■ **Data segment**:
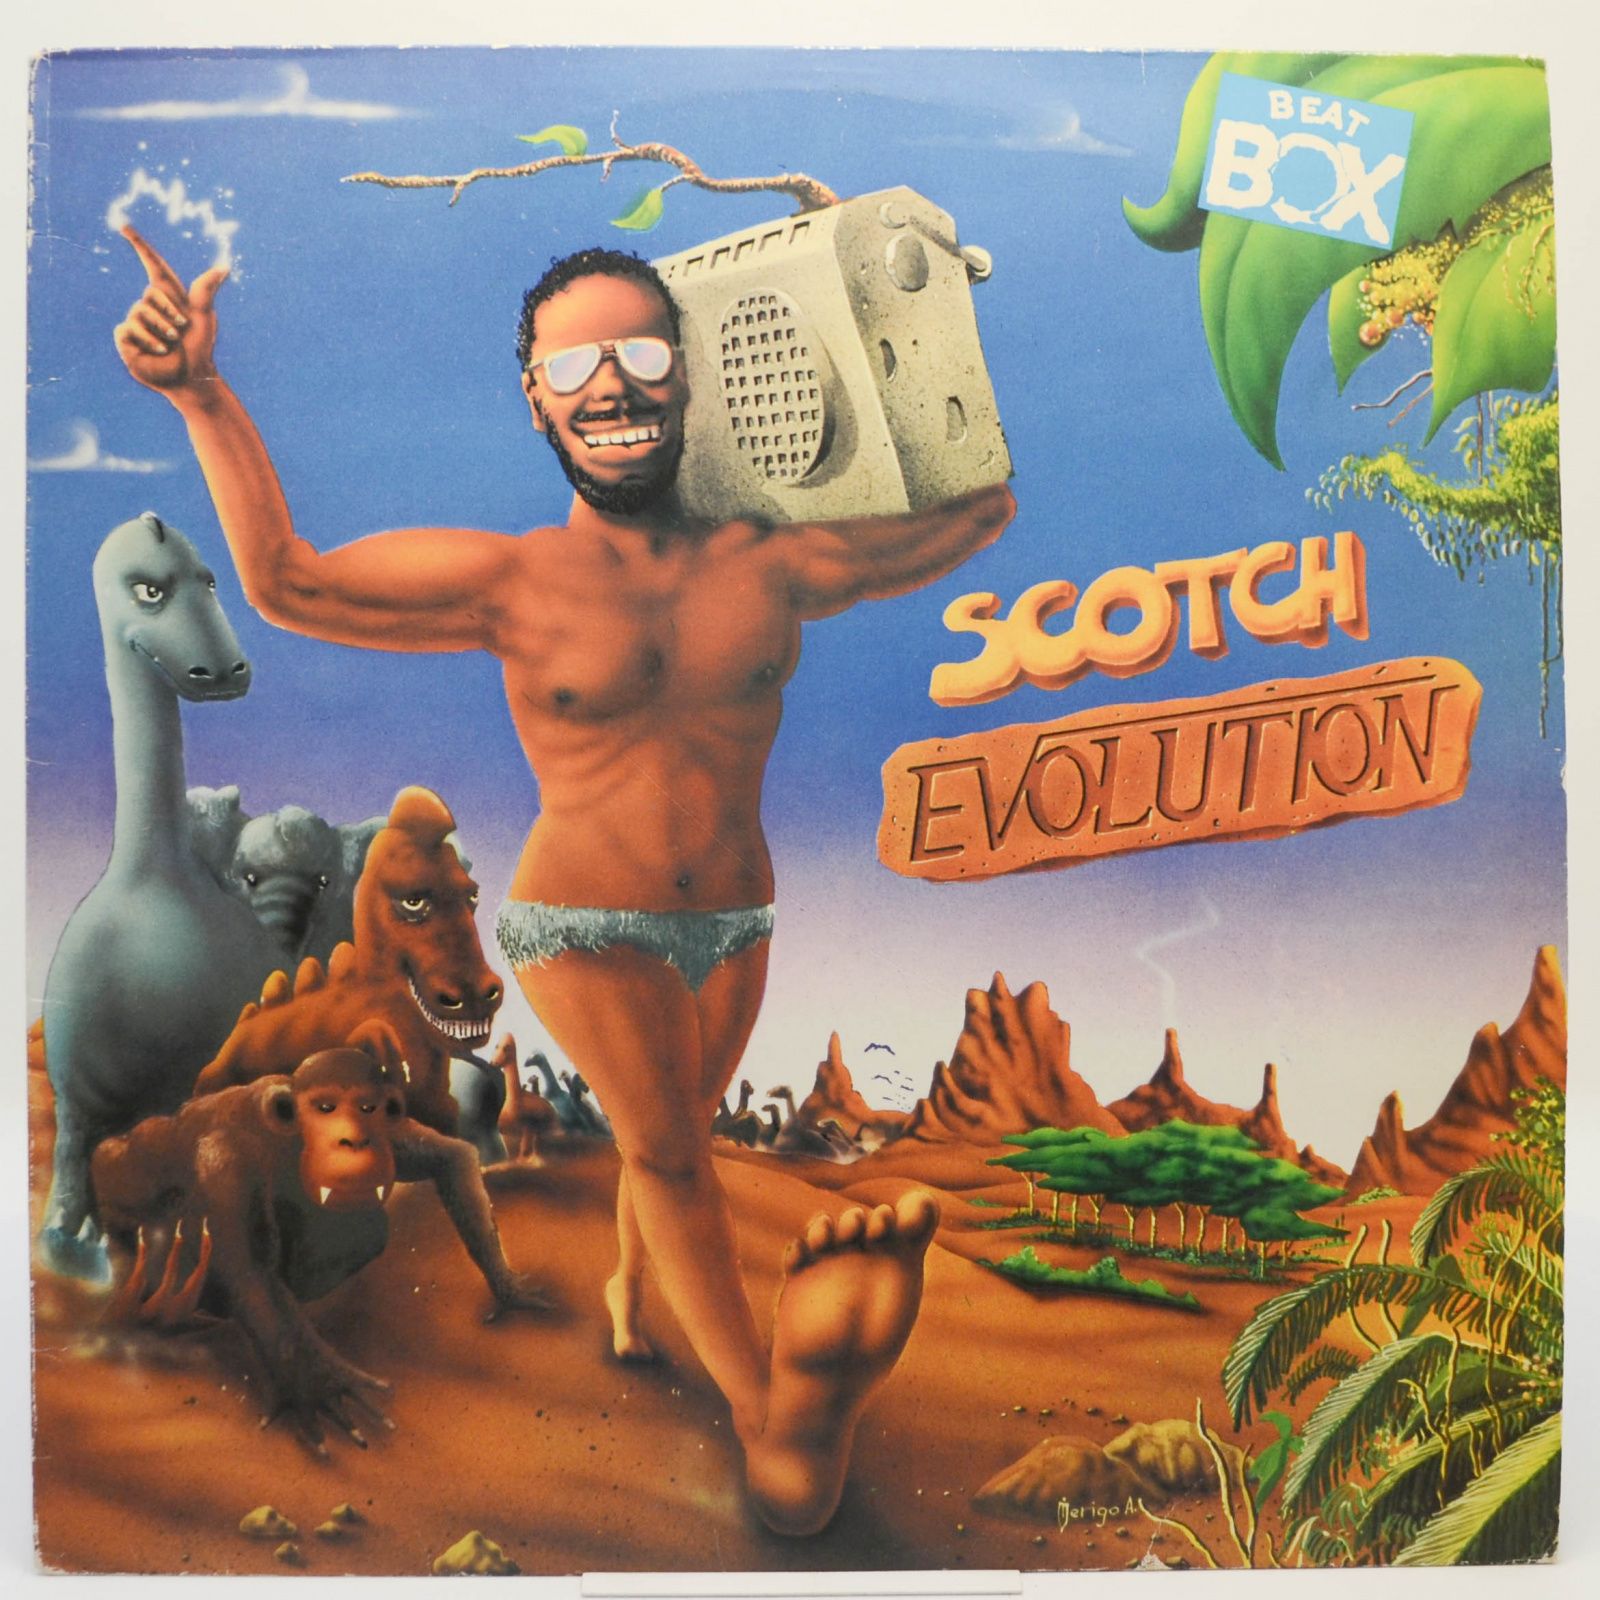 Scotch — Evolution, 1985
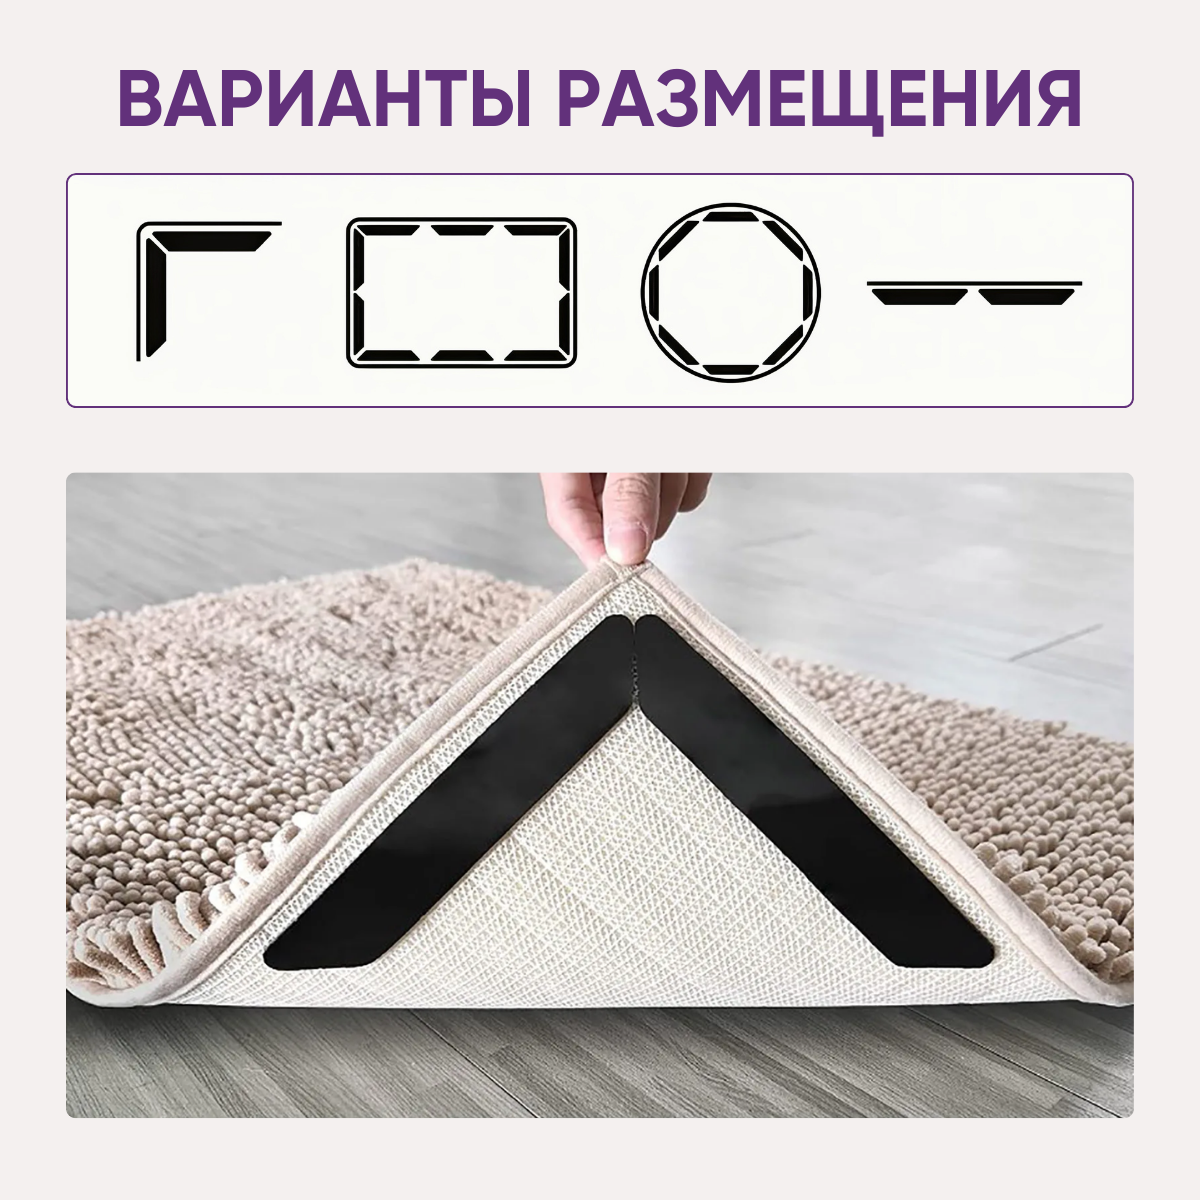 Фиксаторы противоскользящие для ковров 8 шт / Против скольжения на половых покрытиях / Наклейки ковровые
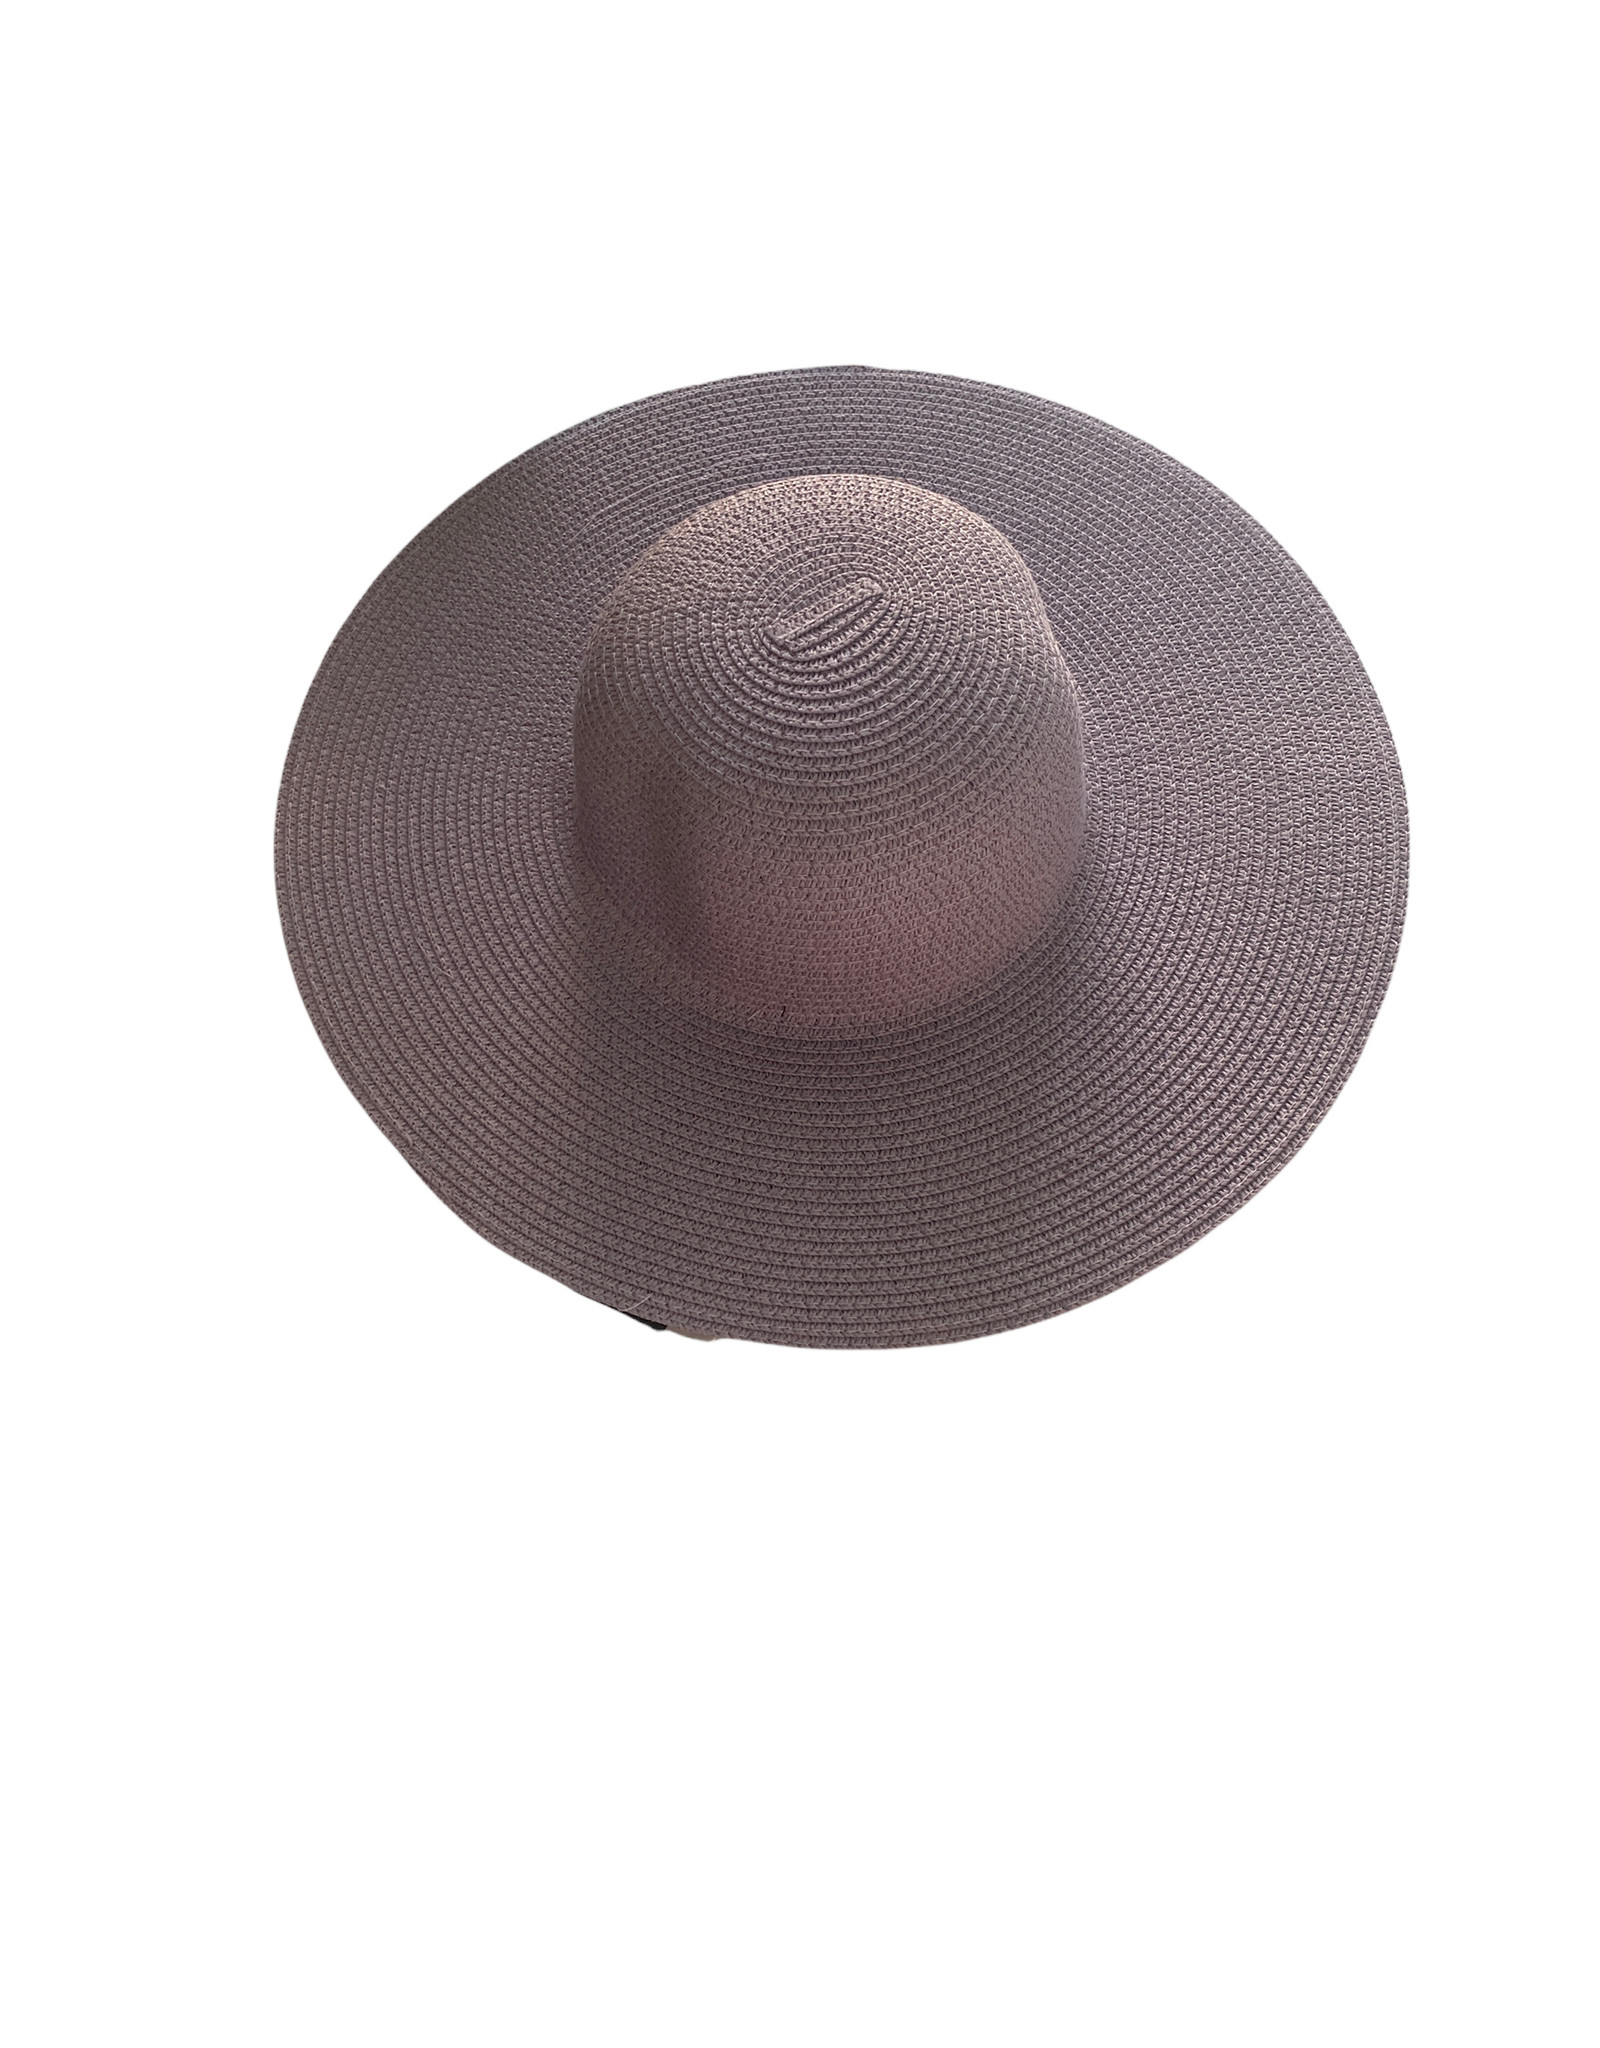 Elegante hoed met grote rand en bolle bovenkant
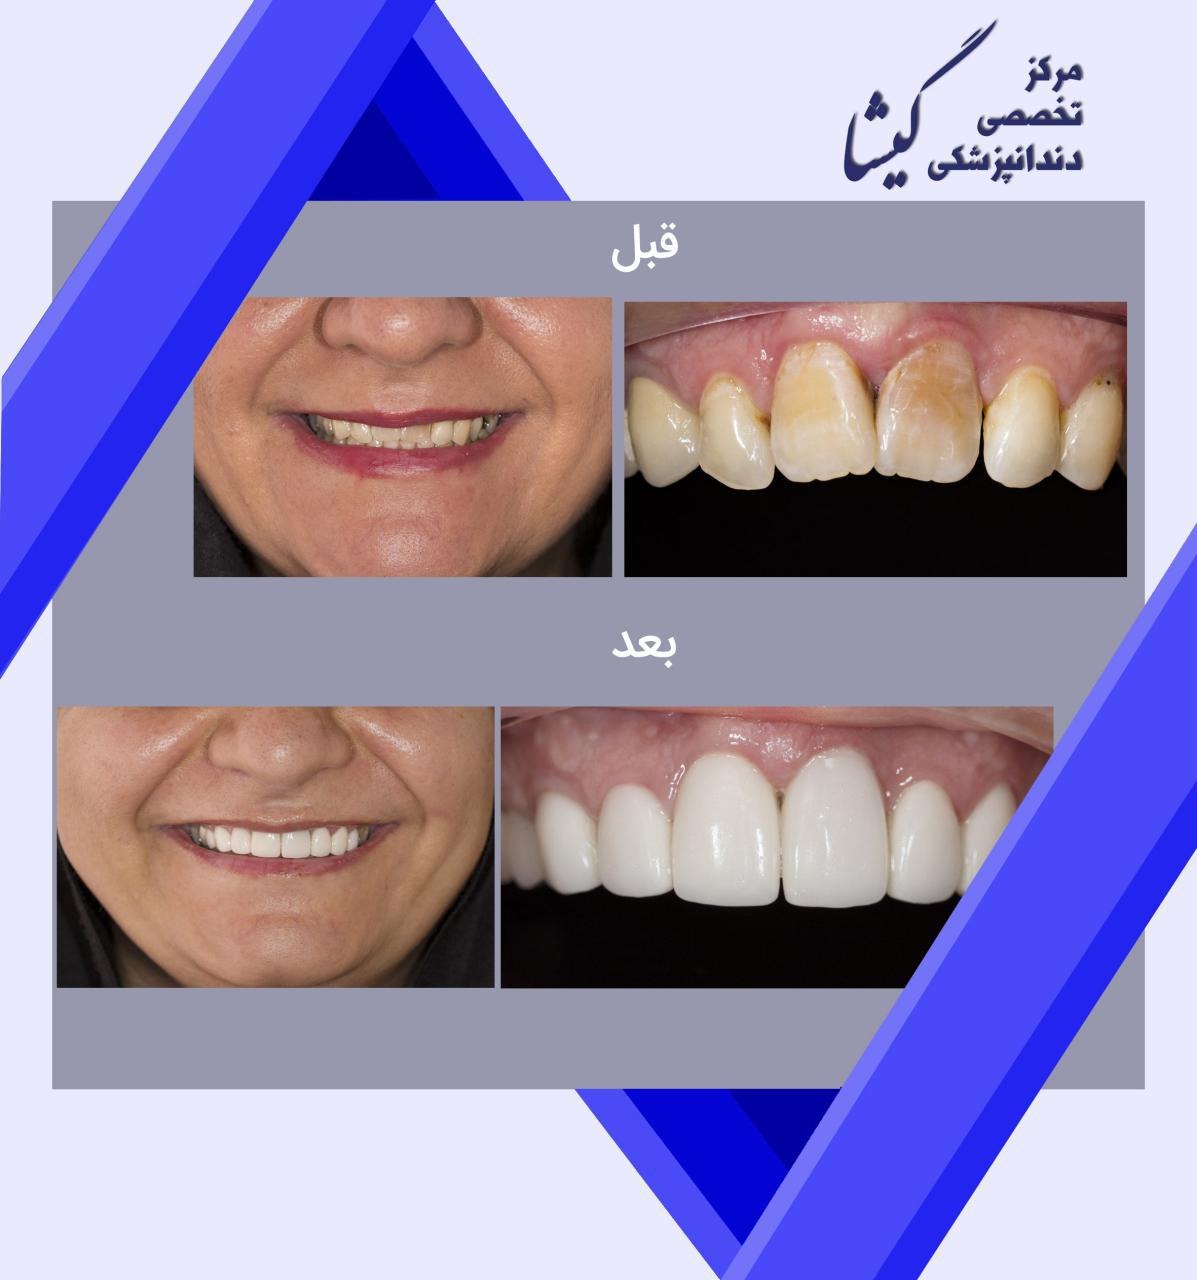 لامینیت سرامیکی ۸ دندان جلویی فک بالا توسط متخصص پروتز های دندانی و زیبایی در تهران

■ **Aim of the task**:
An exact, image-free transcript of the material is required.

■ **Written response**:
 Scotch — Evolution, 1985
 Фиксаторы противоскользящие для ковров 8 шт / Против скольжения на половых покрытиях / Наклейки ковровые
 Elegante hoed met grote rand en bolle bovenkant
 لامینیت سرامیکی ۸ دندان جلویی فک بالا توسط متخصص پروتز های دندانی و زیبایی در تهران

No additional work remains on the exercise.